Thanks for your time @jchannon! It looks like the dependencies in the tests you added always return new guids when asked - is that what you intended? My expectation was that types passed in from the constructor would be new instances for each request.
I've updated your added tests to give the transient/scoped dependencies instance ids per instance and the tests check to make sure they're difference isntances, which is what I'd expect; they now fail.
Really appreciate you looking at this!
Just pushed a commit and put your change back in. Without it transient and scoped lifetimes were not behaving as expected ie. they were singleton. Added more tests but makes me wonder whether the whole scope creation in CarterExtensions needs some love now. It was put in to fix a singleton problem but it's a bit confusing I think :)

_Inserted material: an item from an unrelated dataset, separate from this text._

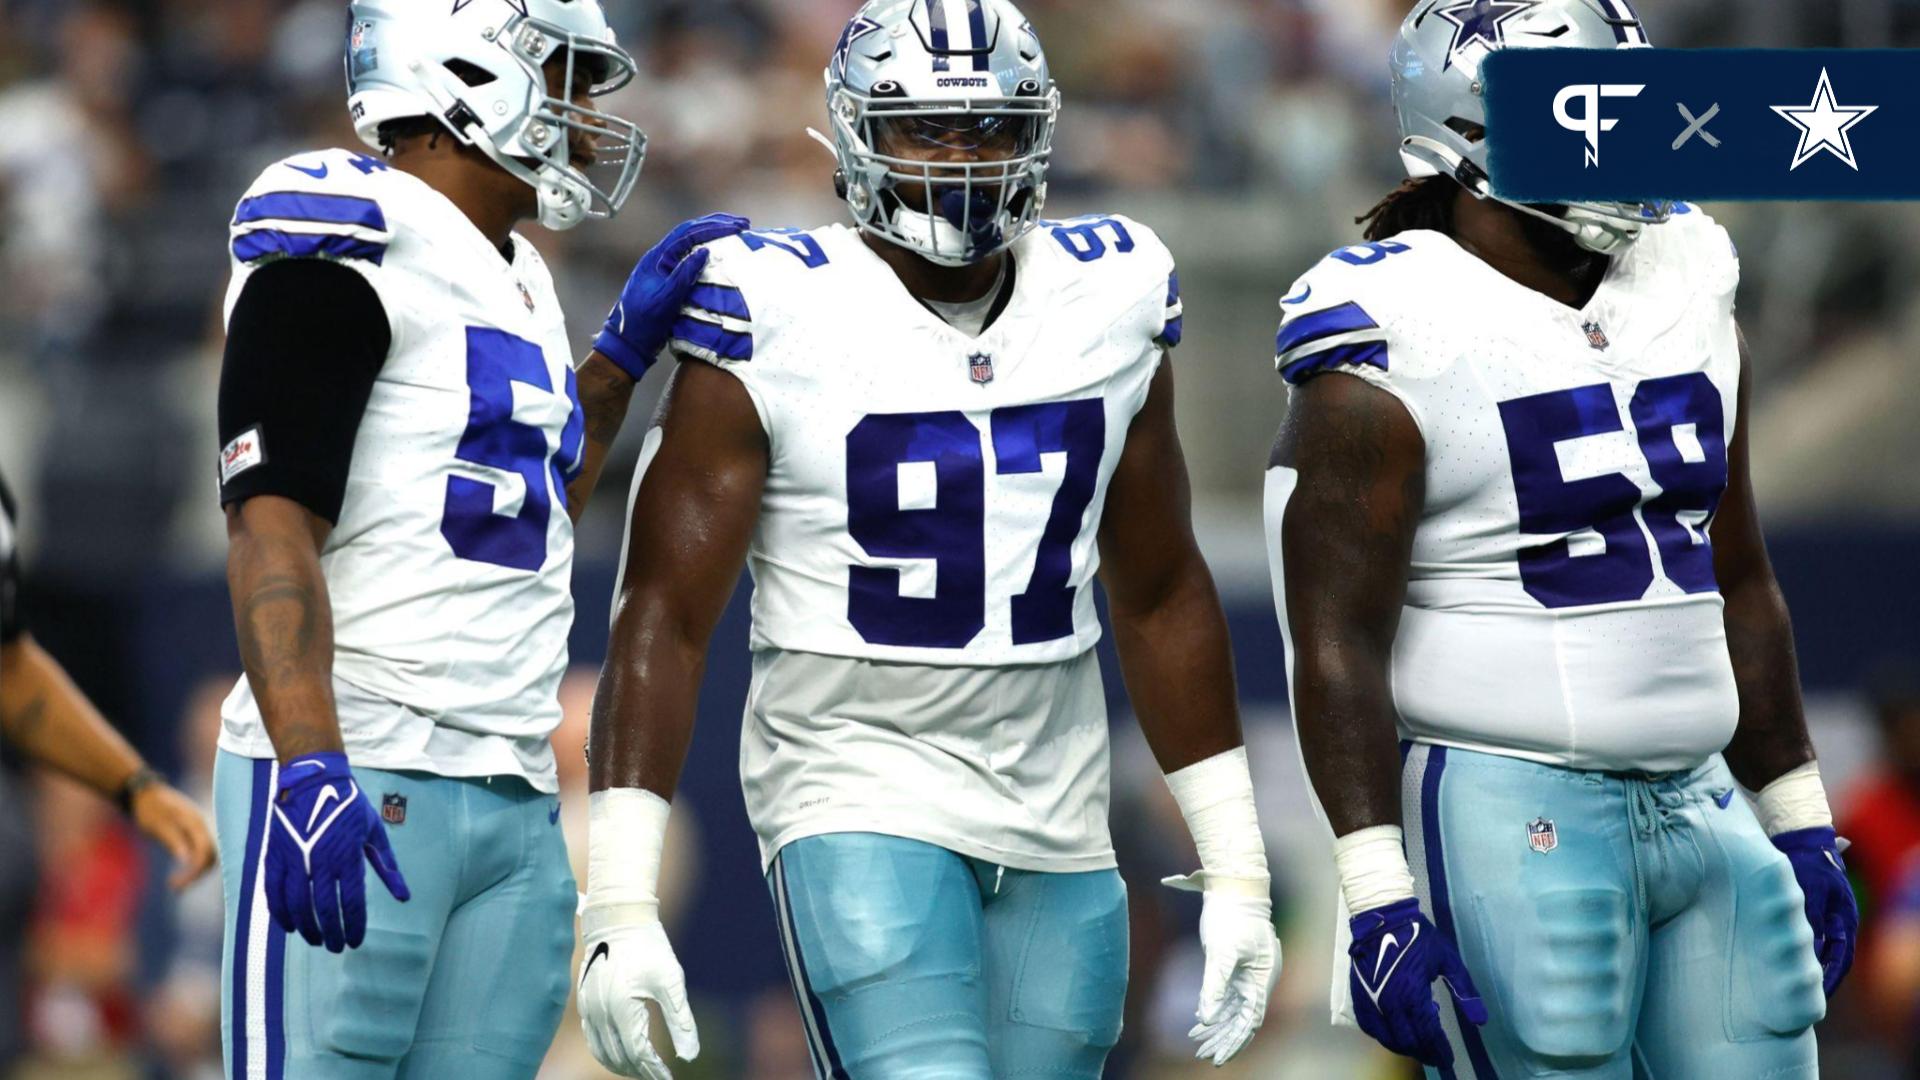 Dallas Cowboys defensive tackle Osa Odighizuwa (97) and defensive tackle Mazi Smith (58) on the field in the game against the Jacksonville Jaguars at AT&T Stadium.

Just got to try and make the other tests pass now as they are trying to resolve dependencies in modules that aren't part of the tests and therefore don't have the DI registrations
Sounds pretty good! I'd be happy to have a crack at it tomorrow evening. I think you're right, the difference between the startup scope and per-request scope isn't super obvious - will make that the goal for the refactor.
Here's the original reason it was done
https://github.com/CarterCommunity/Carter/pull/62
On Mon, 25 Feb 2019 at 22:05, George Kinsman notifications@github.com wrote:
Sounds pretty good! I'd be happy to have a crack at it tomorrow evening. I think you're right, the difference between the startup scope and per-request scope isn't super obvious - will make that the goal for the refactor.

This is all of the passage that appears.